The strategies for future research mentioned implicitly or expressly in the relevant contributions to this symposium fall in two classes: strategies that are confined to the concepts and probes provided by molecular research on Drosophila development, and others that propose to evade the limitations that the prevalent “Drosophila-centric view” (Carroll) imposes on our prospects. As Patel points out, the highly successful exercise of identifying homologs of Drosophila segmentation genes in other insects will fail to identify any patterning mechanisms that Drosophila might be lacking. He therefore proposes to seek out additional organisms amenable to genetic analysis. But remembering the long history of Drosophila research and the concurrent input of both intellect and money, this may not be easily achieved.

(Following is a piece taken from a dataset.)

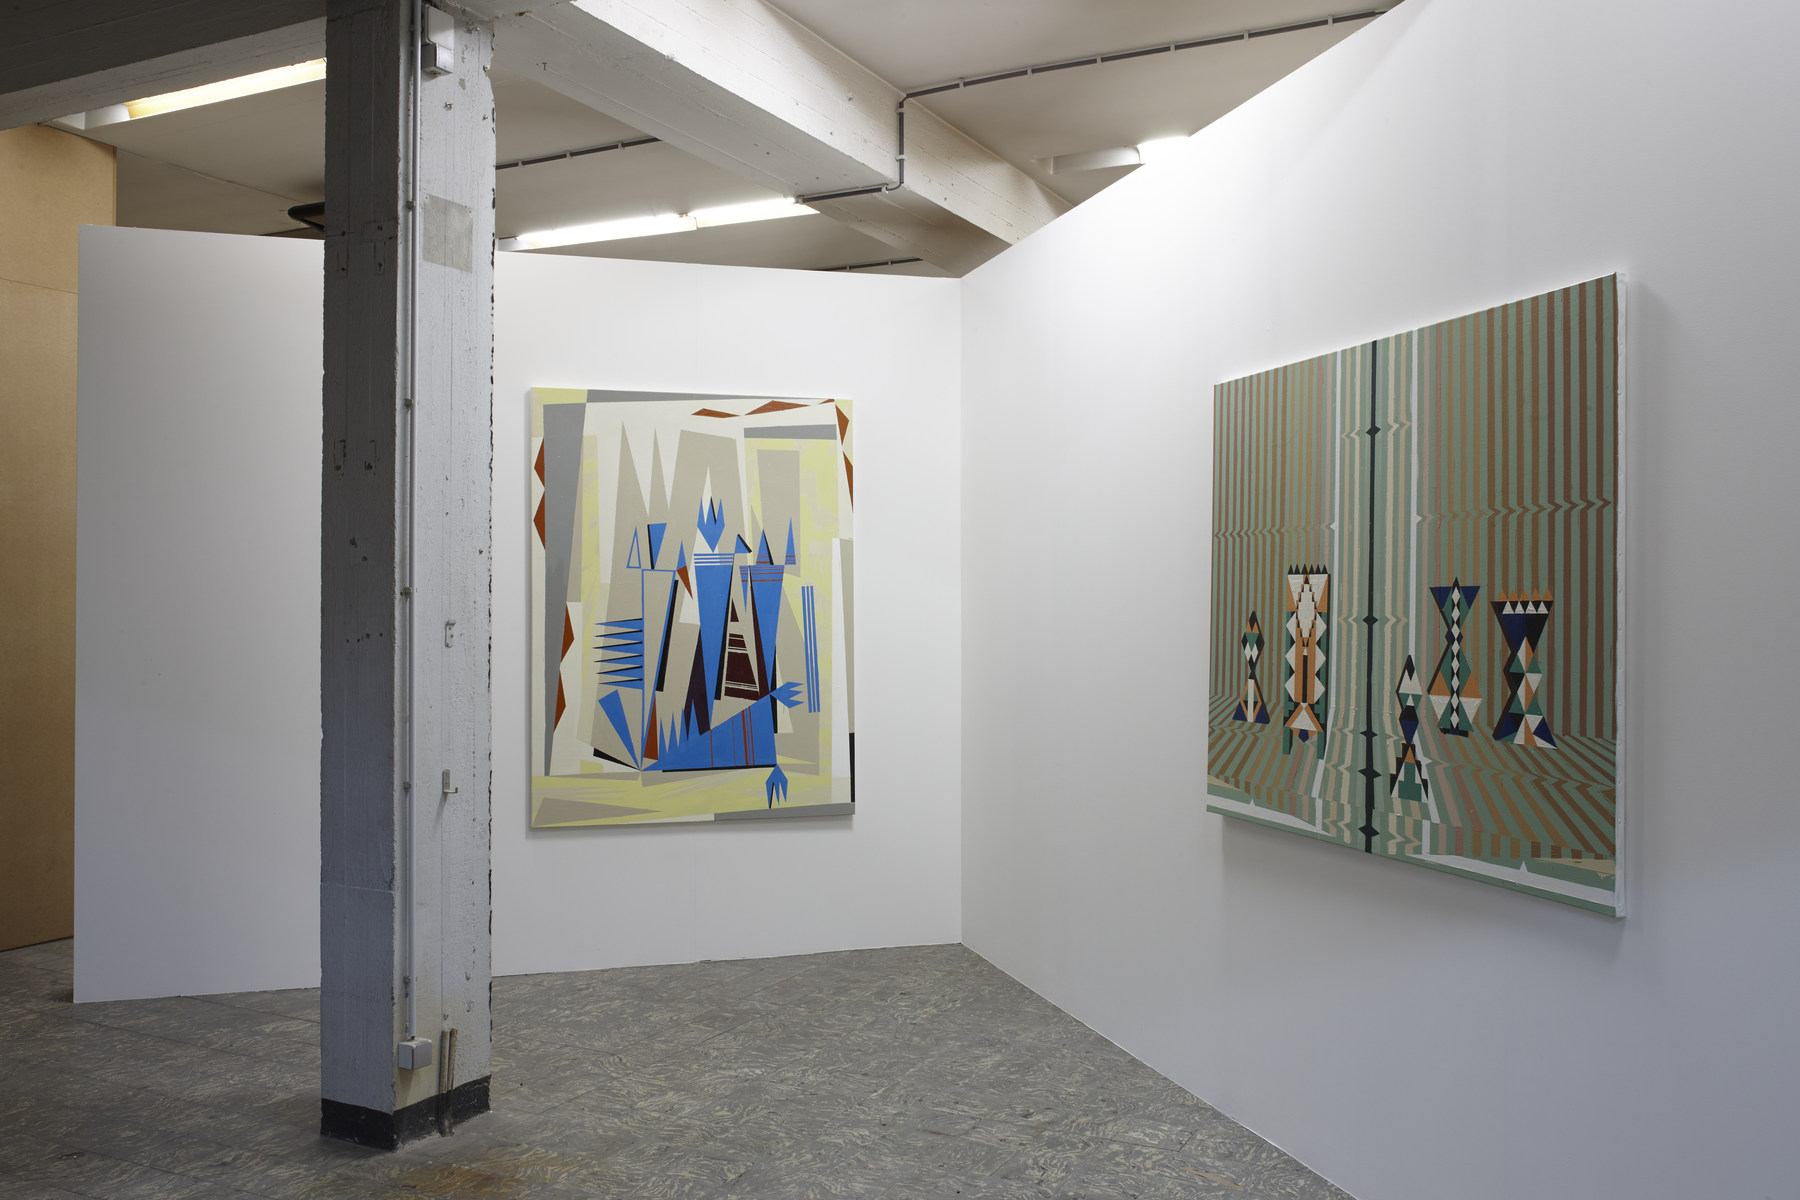 Farah Atassi, 'Hypnotic Setting', 2015, 'Ballet', 2015, in 'Farah Atassi', installation view, Extra City Kunsthal, 2015 © Jan Kempenaers

Those eager to try might be well advised to study the list of requirements that Carroll has drawn up for his rather less ambitious approach. As a counterpart to Drosophila for genetical analysis, this writer would recommend saprophagous lower dipterans, e.g. the psychodids and scatopsids (see Schmidt-Ott et al., 1994). They are easily mass-reared with short generation times, have beautiful embryos and, last but not least, differ surprisingly from Drosophila both developmentally (see above) and, if the first relevant data (Sommer et al., 1992) are representative, also at the molecular level.

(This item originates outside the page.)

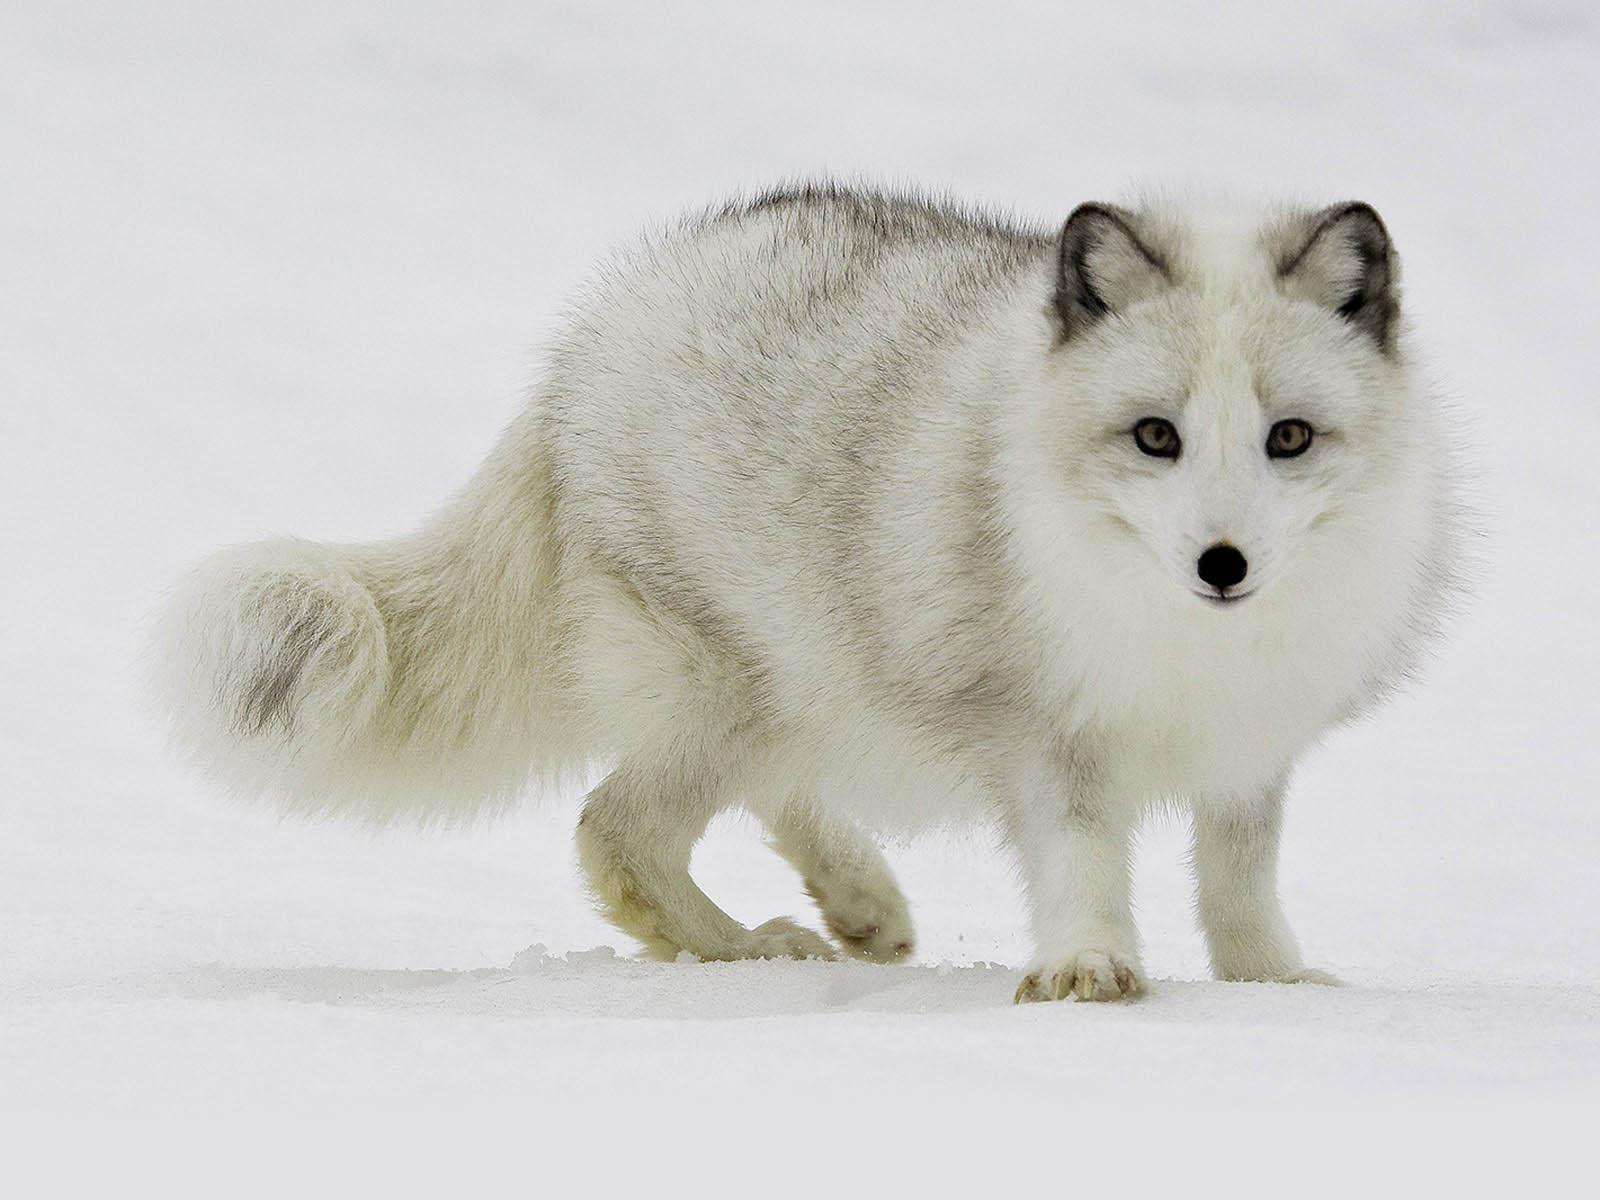 Polar Fox clipart artic Arctic Arctic family photo#15 fox

I am indebted to the organizers of this BSDB meeting, particularly Michael Akam, for inviting me to chair the session on the evolution of insect development; to Diethard Tautz and to my collaborators Dieter Zissler, Karl-Heinz Fecht, Katrin Serries, Reinhard Schroder and Klaus Rohr for cooperation in research on lower dipterans; and to the Deutsche Forschungsgemeinschaft for funding some of this research.